'Guerra dos vídeos': PT aprende a usar IA e reacende militância

 Em meio ao debate sobre taxação de super-ricos, colou nas redes a narrativa de que 'andar de cima' deve pagar mais

A "guerra de vídeos" iniciada pelo PT no último fim de semana colocou em evidência o uso de inteligência artificial e da linguagem de redes sociais como instrumentos de batalha ideológica. O episódio dá dicas também sobre a forma e o conteúdo dos materiais que serão preparados para a campanha eleitoral de 2026. A novidade é que a esquerda parece ter acordado para essa nova realidade da comunicação política, em um campo onde a direita tem trafegado com muito mais desenvoltura.


O partido do presidente Lula recorreu à IA para defender a taxação dos super-ricos em um vídeo com estética propositalmente tosca. Nele, brasileiros pobres e de classe média carregam fardos de impostos em um cenário semiárido, enquanto um humanoide rico segura um saquinho de taxa.

O material provocou respostas do governador de Minas Gerais, Romeu Zema (Novo), e do senador Ciro Nogueira (PP-PI), que utilizaram a mesma ferramenta para tentar mostrar que quem coloca o peso dos tributos nos ombros da população é o governo.

Na última segunda-feira (30), o presidente da Câmara, Hugo Motta (Republicanos-PB), produziu um Hoogle, como batizou seus vídeos com linguagem de TikTok, para criticar a polarização social do PT.

A novidade estética salta aos olhos. Mas profissionais envolvidos na produção desses vídeos disseram à coluna que o evento mostra que o conteúdo continua sendo mais relevante do que a forma. O visual precário da peça do PT, longe de ser um erro, foi feito para evitar a confusão com uma deep fake. Mas cumpriu um efeito simbólico e mobilizador.

O vídeo conseguiu reacender a militância petista em torno de uma bandeira nova: o andar de cima precisa pagar mais imposto, a fim de aliviar a barra para os do andar de baixo. O PT ensaia, com isso, uma tentativa de substituir a marca já desgastada do Bolsa Família e da redução da pobreza, que na definição de um marqueteiro petista soa junto à população como "um cheque já descontado".

"O pulo do gato é o posicionamento político", afirmou um dos especialistas ouvidos. "A novidade não é o uso da IA, mas o uso da IA para uma causa."

Freud, Lincoln, Mandela e ChatGPT

Para esses profissionais contratados pelos partidos, a inteligência artificial já faz parte do jogo. Mesmo que a campanha de 2026 ainda não esteja nas ruas, é consenso que a IA será utilizada desde a criação de roteiros, passando por planejamento estratégico, até simulações de entrevistas e debates, como já vem ocorrendo nos materiais produzidos neste ano pré-eleitoral.

"Hoje, não é mais preciso ter cinco jornalistas para treinar um candidato, fazer um media training. Eu simulo a entrevista e o debate dentro de uma IA. Ela já cria perguntas e respostas de forma perfeita", conta uma das fontes.

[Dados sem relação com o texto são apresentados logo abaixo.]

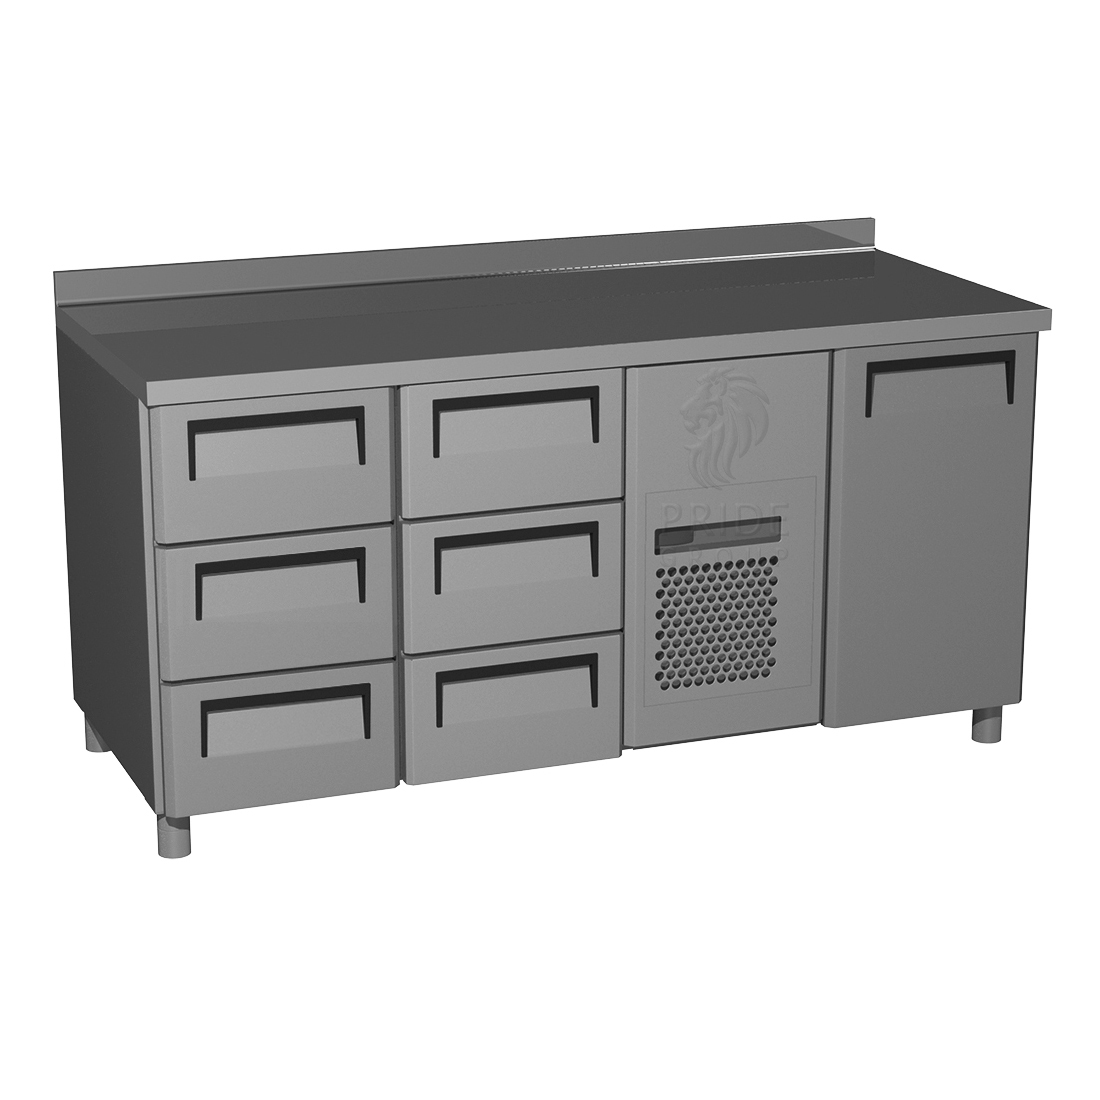 Холодильный стол T70 M3-1 0430 (3GN/NT Carboma) 1 дверь 6 ящиков

Esse profissional diz, por exemplo, utilizar prompts (instruções dadas à IA com determinada finalidade) inspirados em Freud, Jung e Lacan para criar narrativas e dar impacto emocional às mensagens. Em outros casos, ele programa a IA com base em Abraham Lincoln, Cícero e Nelson Mandela, mestres na oratória, para escrever discursos políticos.

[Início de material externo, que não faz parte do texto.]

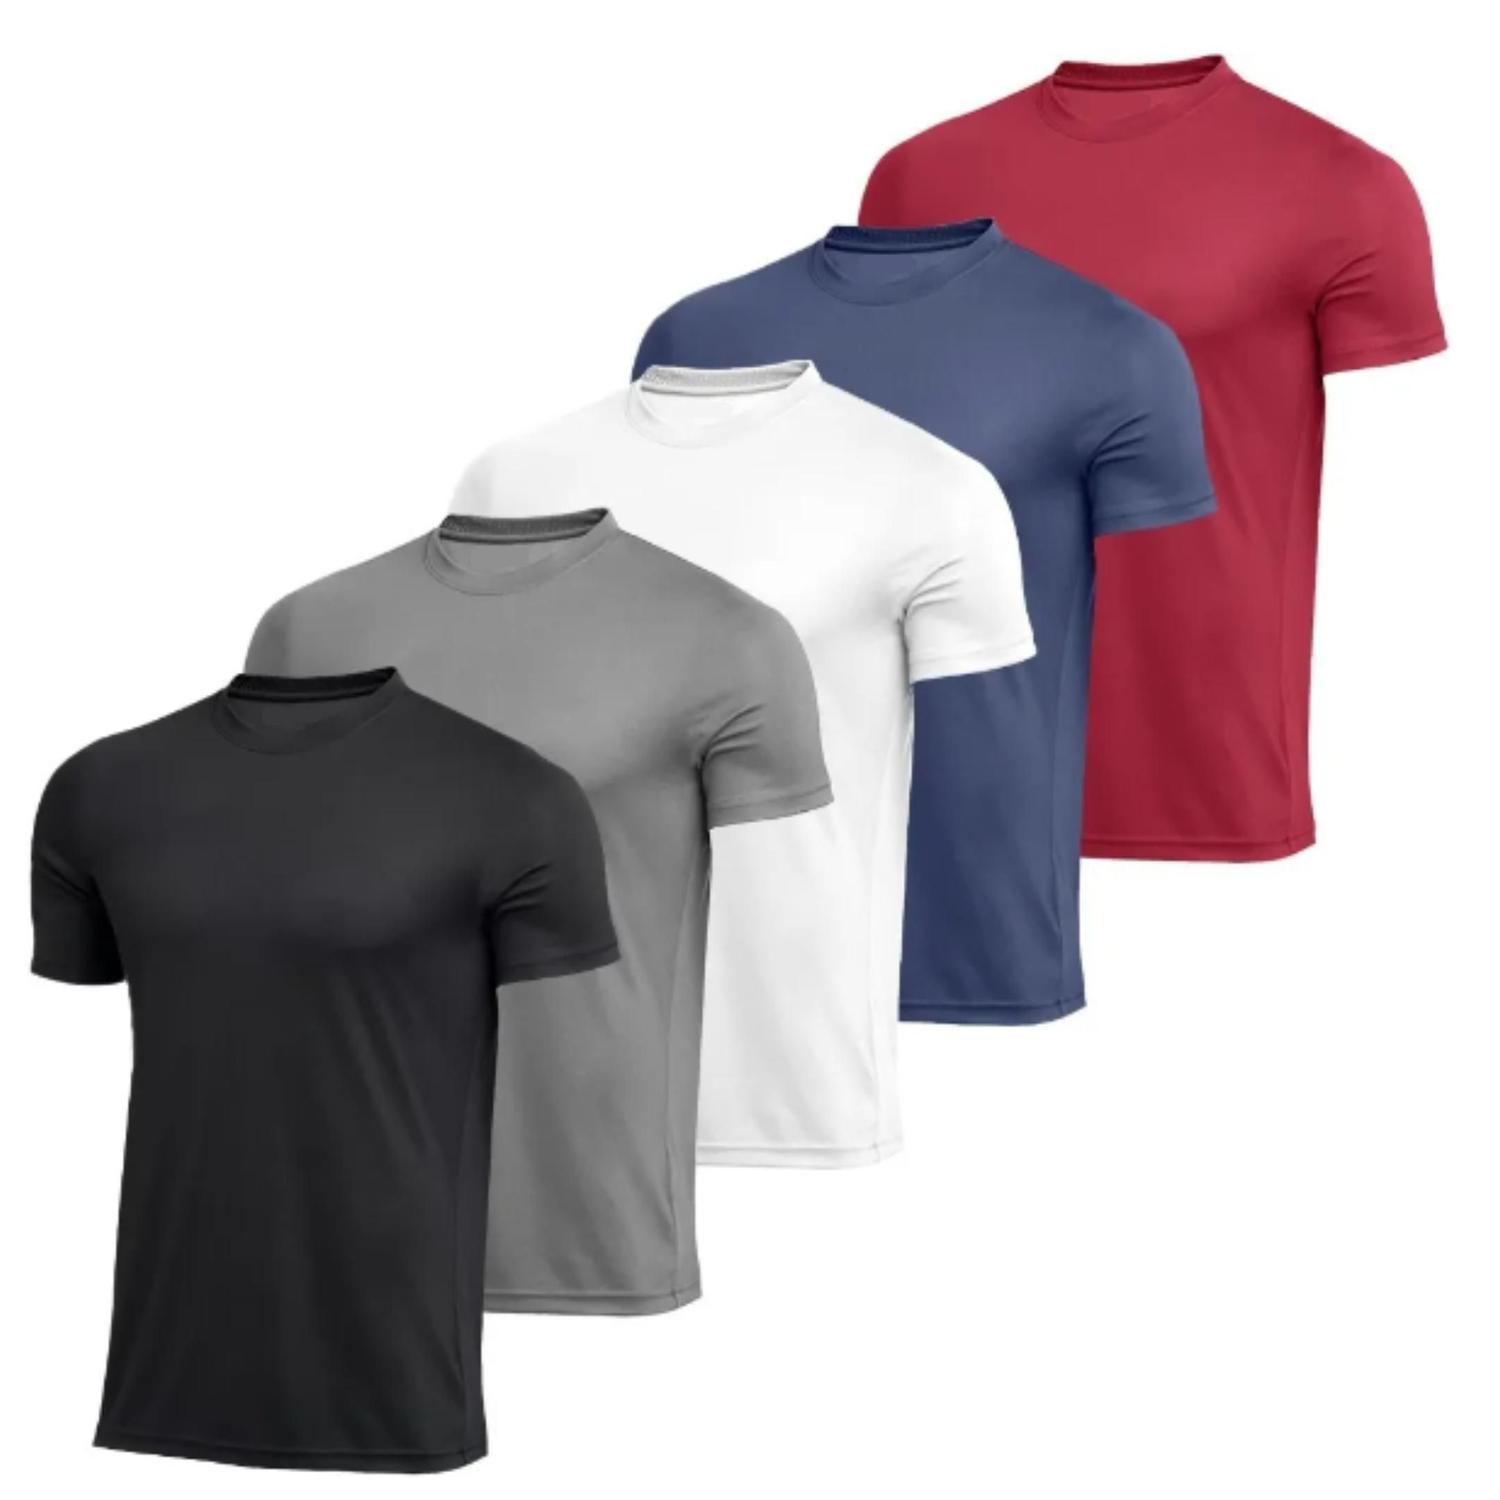 Camiseta Dry Fit Masculina Lisa Academia Treino Esporte, Magalu Empresas

"A comunicação depende muito mais do contexto do que da vontade", resume um marqueteiro. "O uso da IA reduz custos, acelera processos e amplia a capacidade de criação, mas não substitui a clareza do posicionamento político sobre determinado tema nem a coerência da mensagem com a realidade percebida pela população."

Governo de olho nas plataformas

Ainda no campo da tecnologia, uma frente que preocupa o governo é a influência cada vez maior das redes sociais em processos eleitorais mundo afora. Um dos focos é o papel de grandes plataformas digitais e seus donos — como Elon Musk, proprietário do X — na disseminação de conteúdos e na moderação (ou ausência dela) do debate político.

O Planalto também estuda casos como o da Alemanha, onde autoridades acusaram plataformas de dificultar o combate à desinformação, e o da Indonésia, onde vídeos criados com IA interferiram no debate sobre segurança pública em meio ao processo eleitoral de 2024.

Mas, no caso da recente batalha dos vídeos, governo e marqueteiros petistas se veem como vencedores. Em meio ao debate sobre a taxação dos super-ricos, a narrativa de que o "andar de cima" deve pagar mais colou nas redes, com quase 4 milhões de menções a hashtags negativas ao Congresso. O feito, digno do "deputado tiktoker" Nikolas Ferreira (PL-MG), conferiu ao PT uma rara vitória nas redes, onde o bolsonarismo ainda impera.